Home___primopianoGli odiatori dell’Adriatico si sciacquino la bocca prima di criticare

Leoni da tastiera, sfigati per definizione, temono di passare per gente semplice che in vacanza vuole solo spaparanzarsi sul lettino


Gli odiatori dell’Adriatico si sciacquino la bocca prima di criticare


21 Luglio 2024 / Lia Celi

Mi è difficile non fare la ola alla notizia che il sindaco di Rimini intende scendere in campo contro gli haters del mare Adriatico, quelli che, da quando esistono i social, ogni estate che manda Dio si fanno un dovere di parlarne male. Me li immagino come i poveracci “vorrei-ma-non posso” di certe vecchie commedie all’italiana, che non potendo permettersi le ferie se ne stanno chiusi in cantina per far credere ai vicini di essere partiti: esprimendo sui social disprezzo per il mare del turismo popolare sperano di dare l’idea di essere abituali frequentatori di spiagge più esclusive e scenografiche, Salento come minimo.
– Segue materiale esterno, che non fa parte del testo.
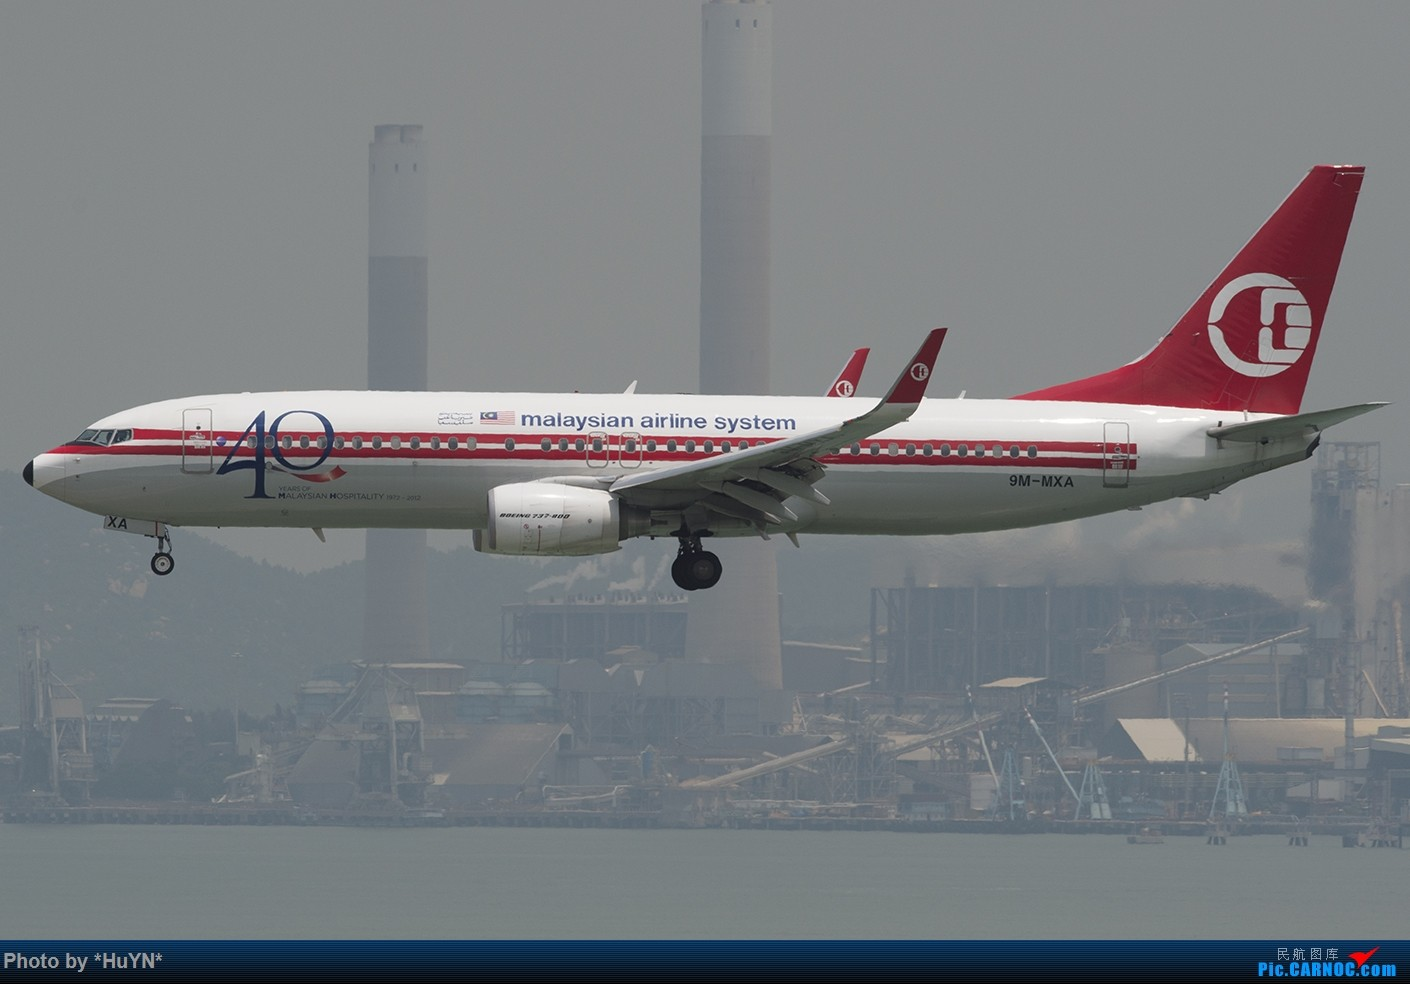 Re:[原创]听说又能审图了我也试试之二 BOEING 737-800 9M-MXA 中国香港赤鱲角国际机场

Il cliché dell’alto Adriatico sporco e lutulento ormai si è così incistato nella testa dell’italiano medio che chi sceglie la Romagna si sente in dovere di precisare, in tono di scusa, che lo fa “nonostante il mare”: ci va per l’ospitalità, l’organizzazione, il cibo, la vicinanza, i servizi, i prezzi tutto sommato contenuti rispetto ad altre località, non certo per quell’acqua che si ostina a non sembrare quella di Grace Bay. Io stessa ho dovuto bacchettare un amico che aveva corredato i tweet e le immagini di un piacevole weekend a Rimini con l’inevitabile “il mare è quello che è, ma…”. Làvati la bocca prima di criticarlo, anzi, già che ci sei, fàtti i gargarismi con l’acqua di uno dei mari più puliti d’Italia, come testimonia l’ennesima Bandiera blu conseguita quest’anno dalle spiagge della nostra Riviera.

Ecco, più che l’aggressività anti-Adriatico dei leoni da tastiera, sfigati per definizione, mi infastidisce l’imbarazzo di quelli che vengono qui con una certa condiscendenza, come gourmet costretti dalle circostanze a mangiarsi una Rustichella all’Autogrill. Questo disagio, più che rivelare le vere o presunte magagne dell’Adriatico, smaschera i loro complessi. Hanno paura di non sembrare abbastanza ricchi da concedersi lussuosi resort su candide spiagge lambite da acque cristalline, o abbastanza avventurosi e snob da optare per scogli selvaggi e inospitali, visitati solo da una troupe del National Geographic nel 1975.

Temono di passare per gente semplice, che in vacanza vuole spaparanzarsi sul lettino, non ama camminare sui sassi e quando fa il bagno si sente più tranquilla se dopo tre metri non gli si spalanca un abisso sotto i piedi. Insomma, sono convinti che la scelta della villeggiatura i definisca come esseri umani e li posizioni sulla scala sociale, e ai loro occhi la Riviera romagnola non fa abbastanza status. Forse sospettano che tornare sulle stesse spiagge dove i loro genitori, operai o piccoli impiegati, li portavano da bambini sia come ammettere di non essere riusciti a fare il salto di classe, anche se per gli operai e i piccoli impiegati di oggi un mese di vacanza con la famiglia a Viserba è diventato un sogno proibito.

Posto che tutti i gusti sono gusti e ognuno ha il sacrosanto diritto di andare in vacanza dove gli pare e dove arrivano le sue finanze, lo snobismo dichiarato verso il nostro mare è solo una piccola spia della diffusa insoddisfazione rispetto a se stessi e alla propria condizione. Sentimento, ahimé, diventato cronico in un’Italia dove l’ascensore sociale è fermo da decenni, e pure le scale sono dissestate e senza corrimano. E l’unico sfogo è lanciare un post livoroso nel mare – quello sì torbido e inquinato – dei social.